Invoice24 makes this easy by linking credit notes to the original invoices, maintaining clear numbering, and allowing you to apply credits to open balances or reflect refunds cleanly.

Before you invoice: set up a simple billing system

The easiest invoicing experience starts before the first invoice is ever sent. A small amount of setup reduces late payments and avoids confusion.

1) Confirm your client’s billing details

Collect the correct legal name, billing address, and the email address that handles accounts payable. In larger companies, your day-to-day contact may not be the person who pays. If you can, get:

• Billing contact name and email
• Company legal name and address
• Purchase order (PO) requirements, if any
• Vendor onboarding forms or W-9 request, if they require it

2) Agree on payment terms in writing

Common terms include due on receipt, Net 7, Net 15, Net 30, or milestone-based payments. For ongoing services, monthly invoicing is standard. Put the terms into your contract and repeat them on your invoice. Clarity is not pushy; it’s professional.

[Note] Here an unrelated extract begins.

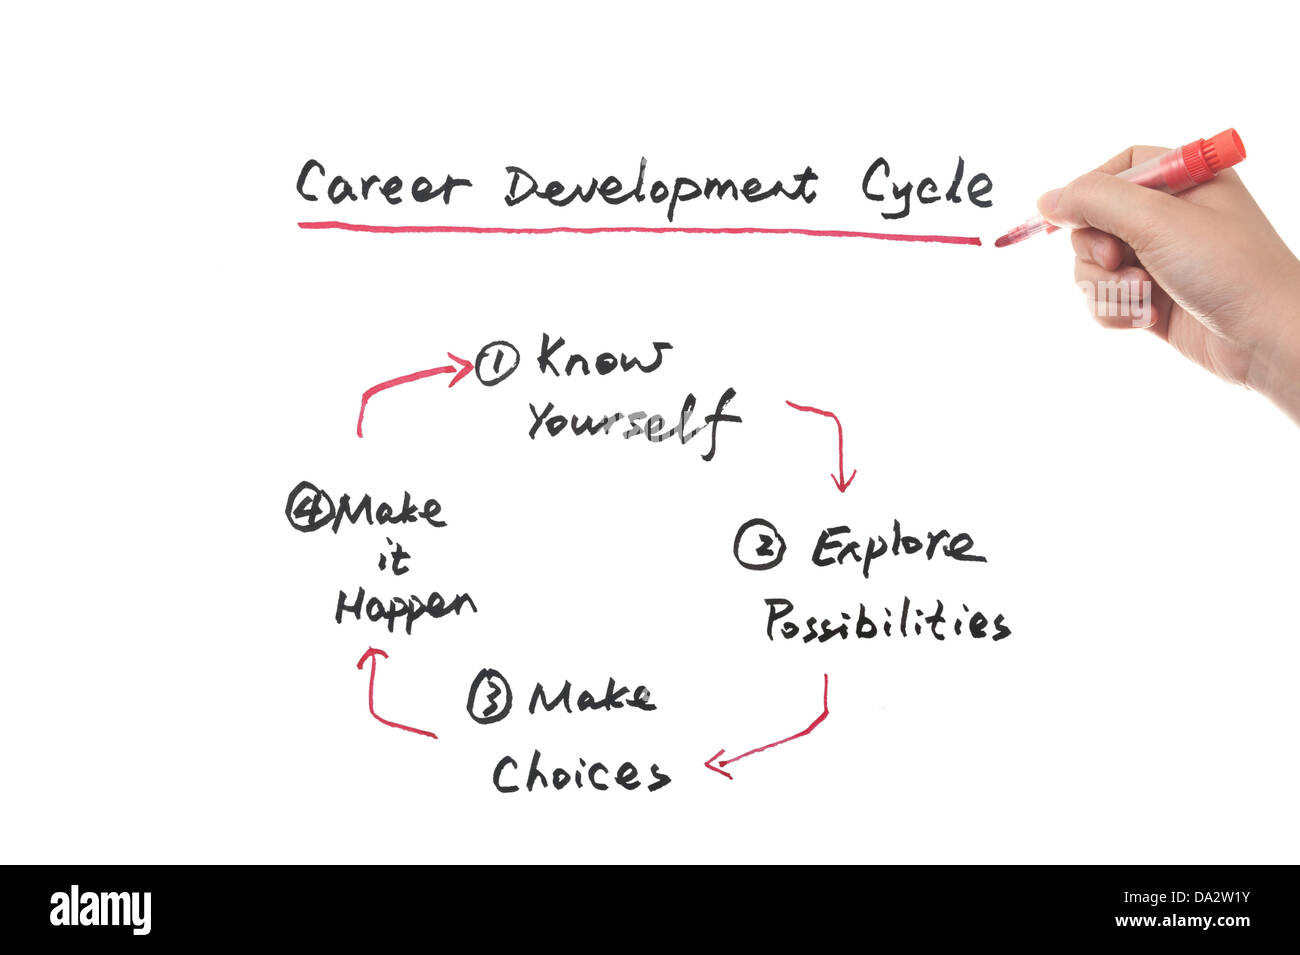 Le concept de cycle de développement de carrière schéma exécuté sur un tableau blanc Banque D'Images
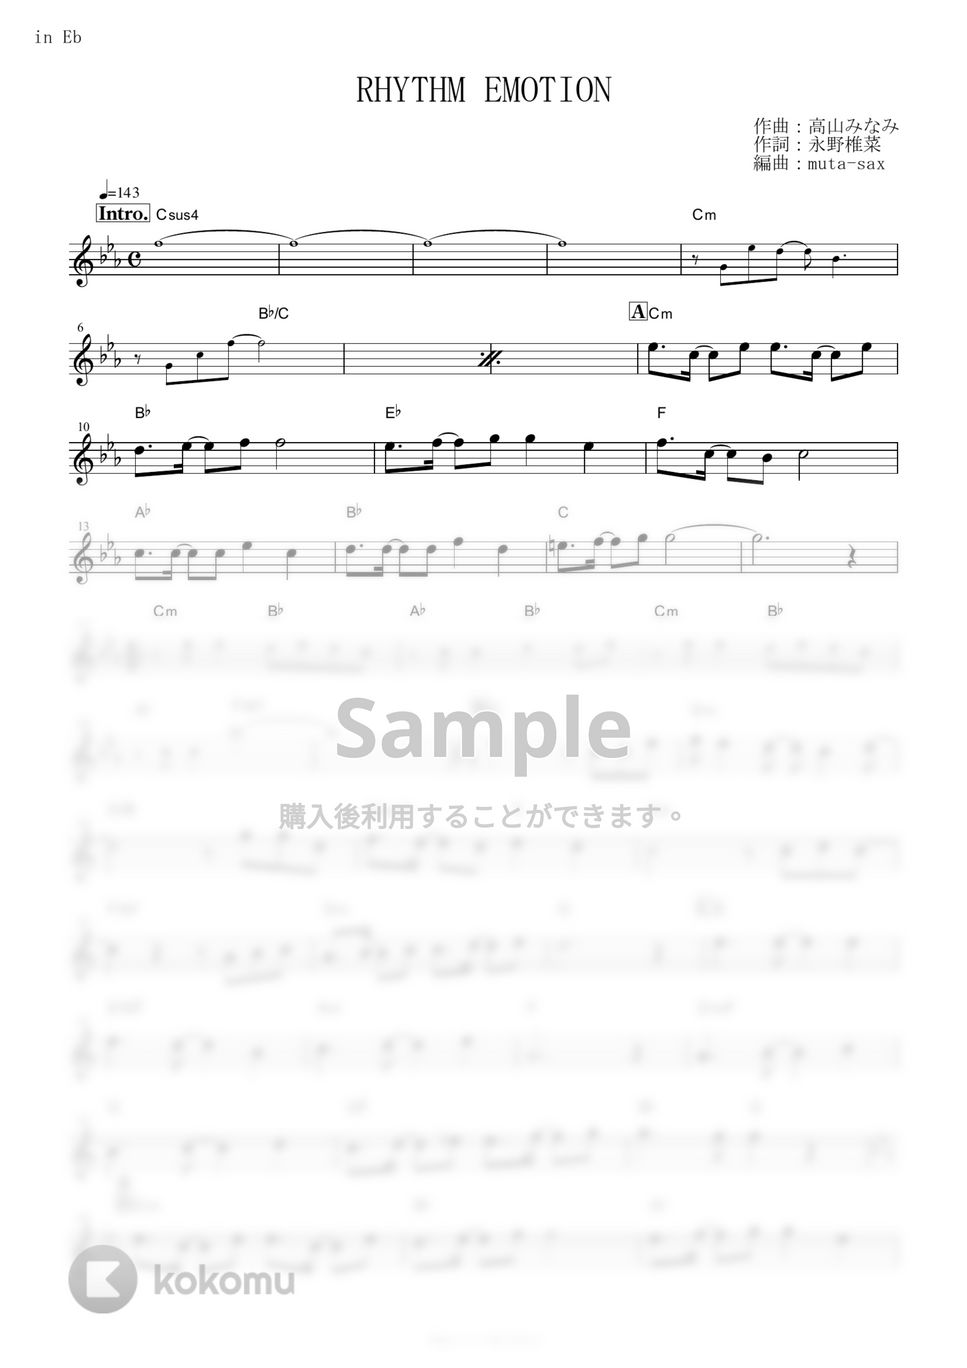 TWO-MIX - RHYTHM EMOTION (『新機動戦記ガンダムW』 / in Eb) by muta-sax

3) Define your late fee and collections policy

Decide what happens if payment is late: do you charge a late fee, pause work, or require payment upfront for future work? Your policy should match your industry and comfort level. Include it in your contract and reference it on invoices. Even if you never apply it, having a policy encourages timely payment.

4) Decide how you’ll accept payment

US clients often pay by ACH bank transfer, credit card, check, or wire for larger sums. The easier you make it, the faster you get paid. If you accept cards, consider passing on processing fees only if your client agrees and it’s permitted in your state and contract. Many businesses prefer ACH because it’s low-cost and reliable.

5) Choose an invoicing cadence

Pick a schedule your clients can expect. Examples:

• Projects: invoice upfront deposit + milestones + final invoice
• Retainers: invoice monthly in advance
• Hourly services: invoice weekly or biweekly to keep amounts manageable
• Product sales: invoice at shipment or delivery, or as per purchase order terms

What to include on a US invoice

A great invoice answers every question an accounts payable team might ask without needing to email you back. That means it should be complete, consistent, and easy to read.

Core invoice fields

Include the following on every invoice:

• Your business name (and “doing business as” name if applicable)
• Your address and contact information (email and/or phone)
• Your client’s billing name and address
• Invoice number (unique and sequential)
• Invoice date (the date you issue it)
• Due date (based on your terms)
• Line items describing products/services
• Quantity/hours, rate, and line totals
• Subtotal, taxes (if applicable), discounts, and total due
• Payment instructions (how to pay, where to send ACH/check, etc.)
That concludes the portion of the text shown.